● **Records provided**
■ ■ ■ ■ ■ ■ ■
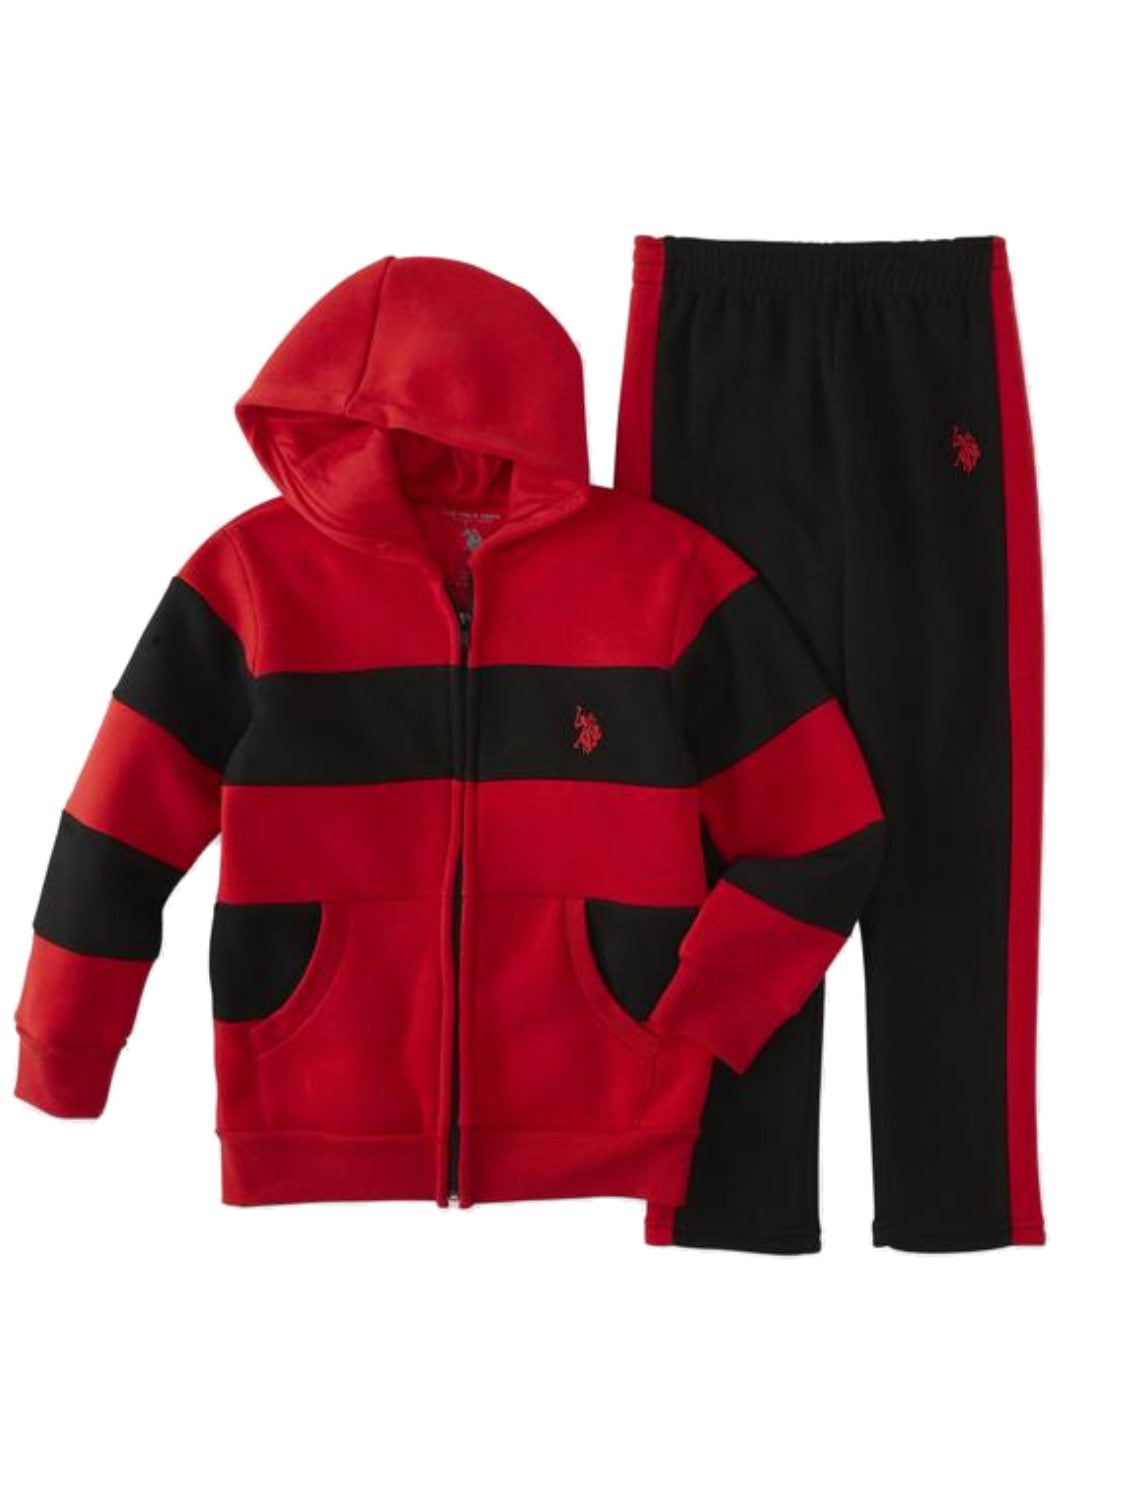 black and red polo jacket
■ ■ ■ ■ ■ ■ ■
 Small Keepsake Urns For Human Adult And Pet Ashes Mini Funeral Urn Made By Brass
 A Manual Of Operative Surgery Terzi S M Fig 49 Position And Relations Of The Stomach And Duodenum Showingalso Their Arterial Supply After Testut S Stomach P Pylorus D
■ ■ ■ ■ ■ ■ ■
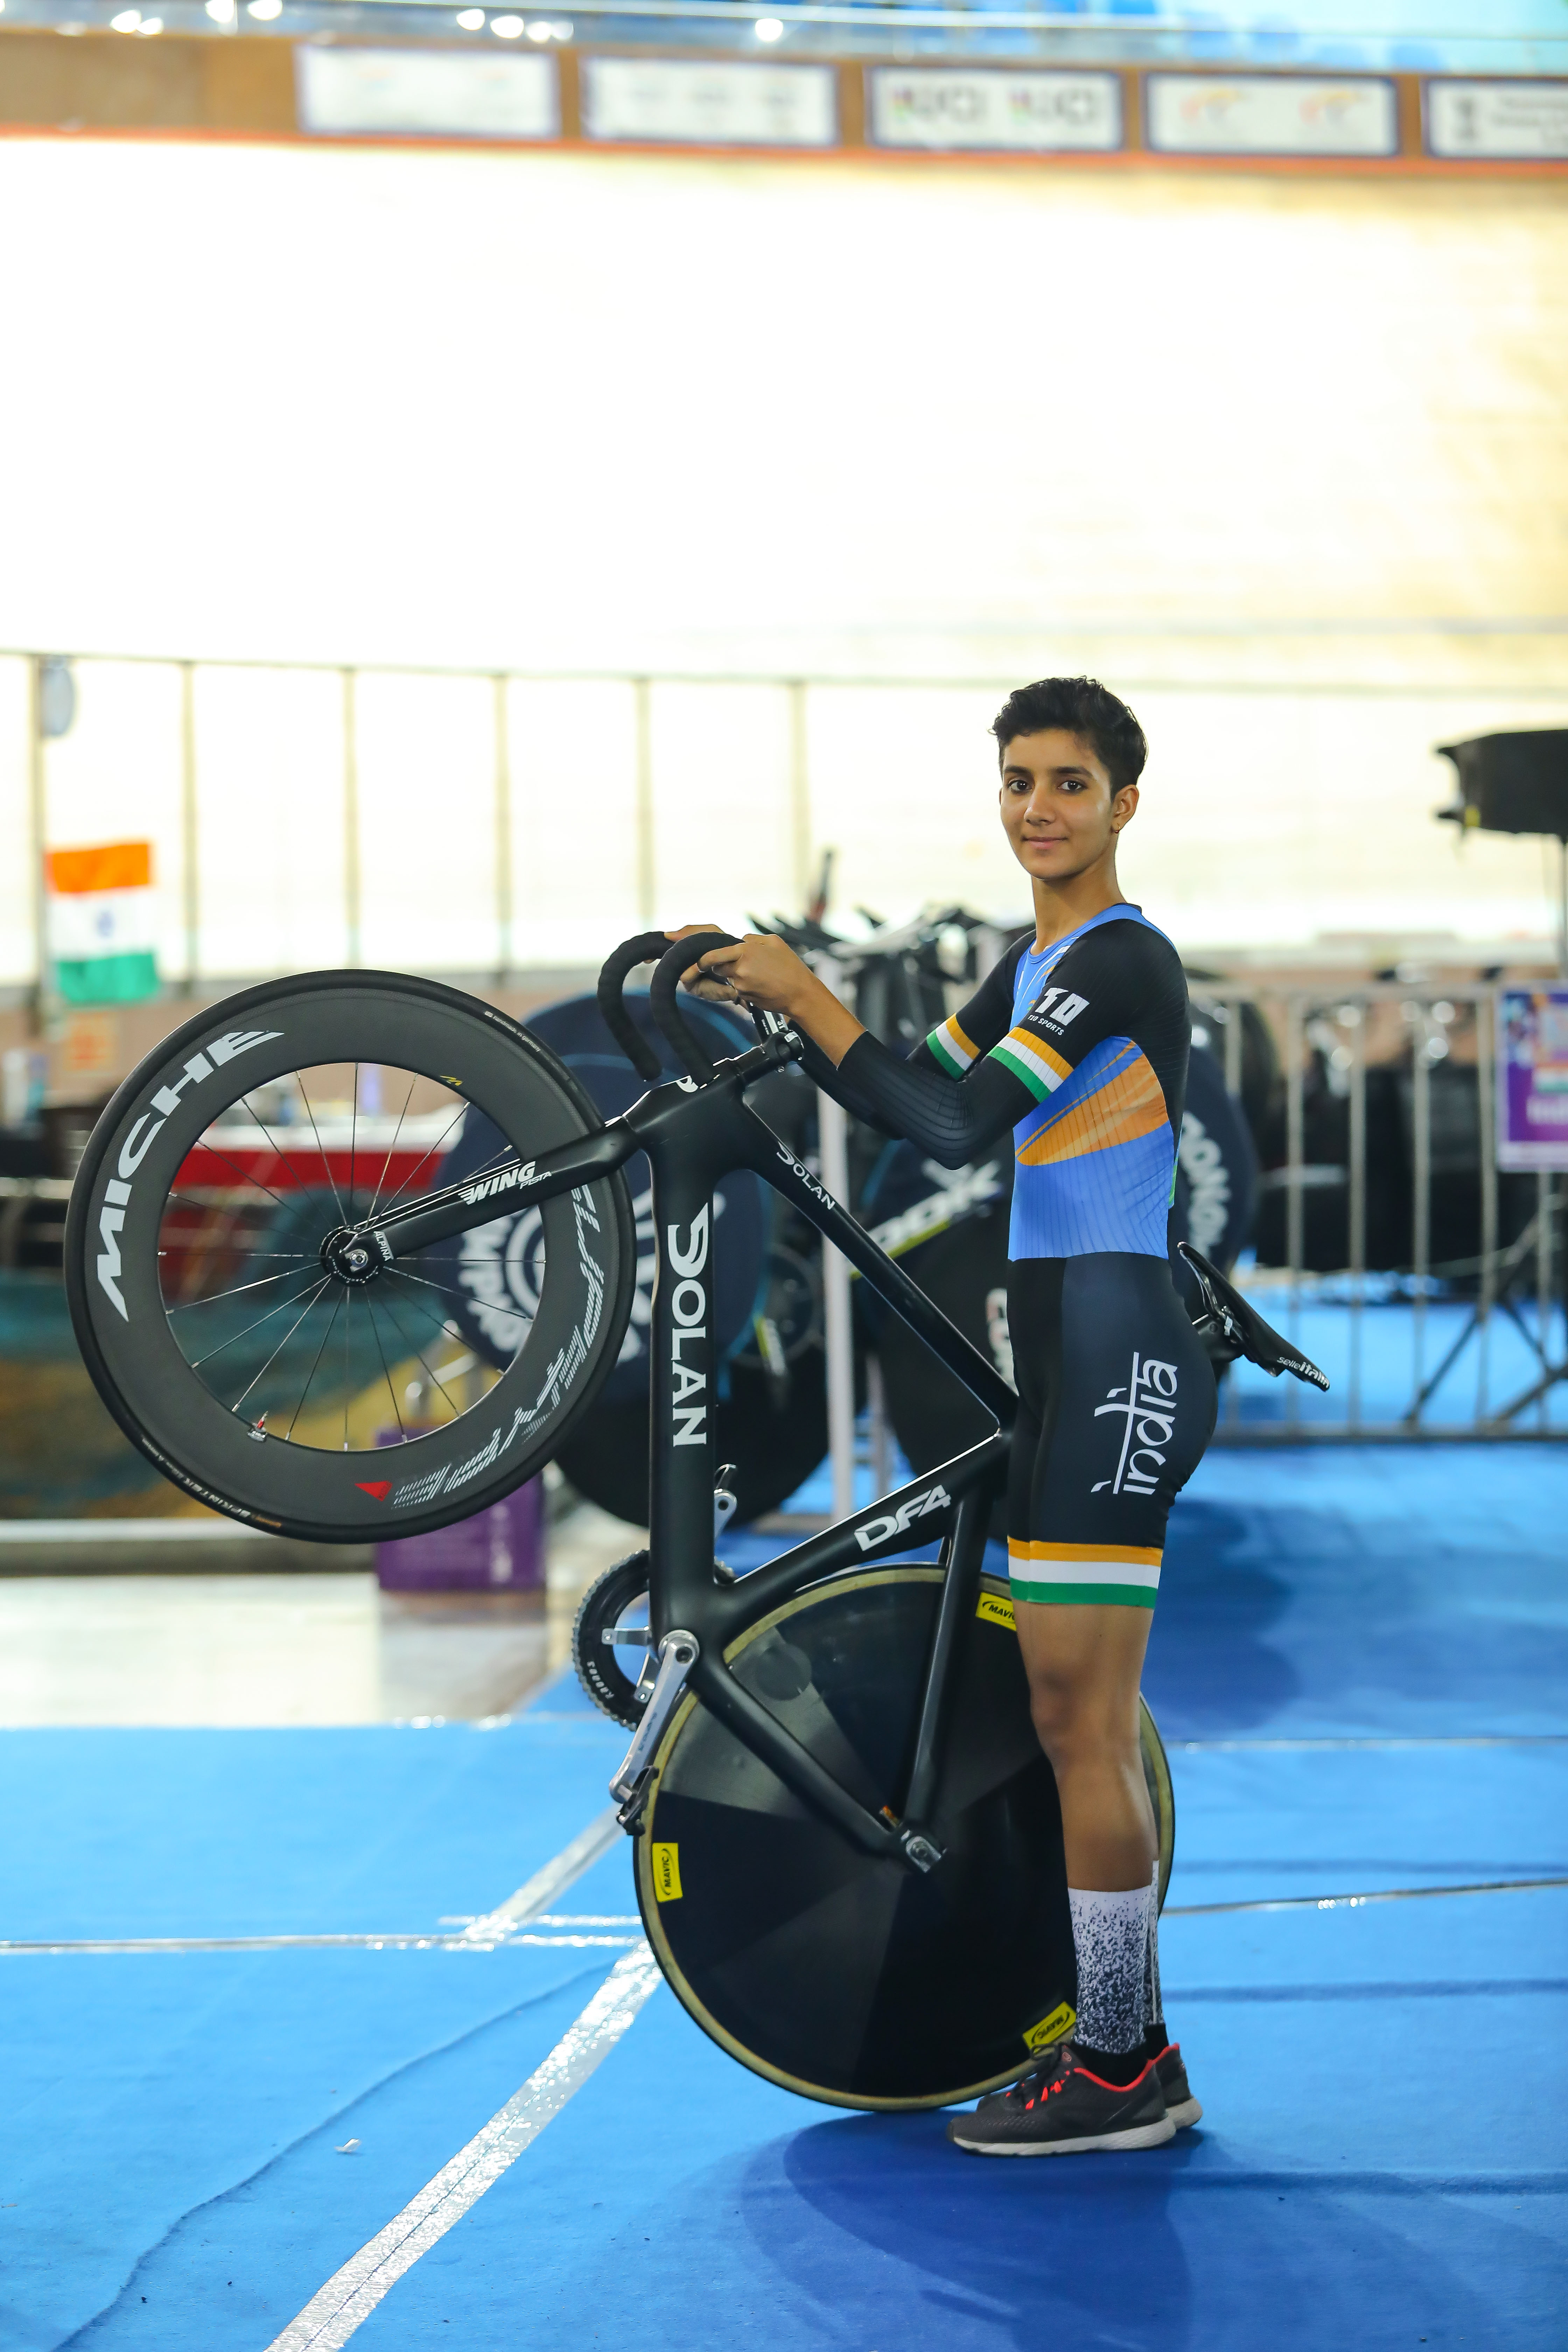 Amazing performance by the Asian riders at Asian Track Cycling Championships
■ ■ ■ ■ ■ ■ ■
● **What you need to do**
Copy the stretch of the records above that runs from the line with "Small Keepsake Urns" through the line with "A Manual Of". Both end lines belong in the copy, and nothing else does.

● **Answer space**
 Small Keepsake Urns For Human Adult And Pet Ashes Mini Funeral Urn Made By Brass
 A Manual Of Operative Surgery Terzi S M Fig 49 Position And Relations Of The Stomach And Duodenum Showingalso Their Arterial Supply After Testut S Stomach P Pylorus D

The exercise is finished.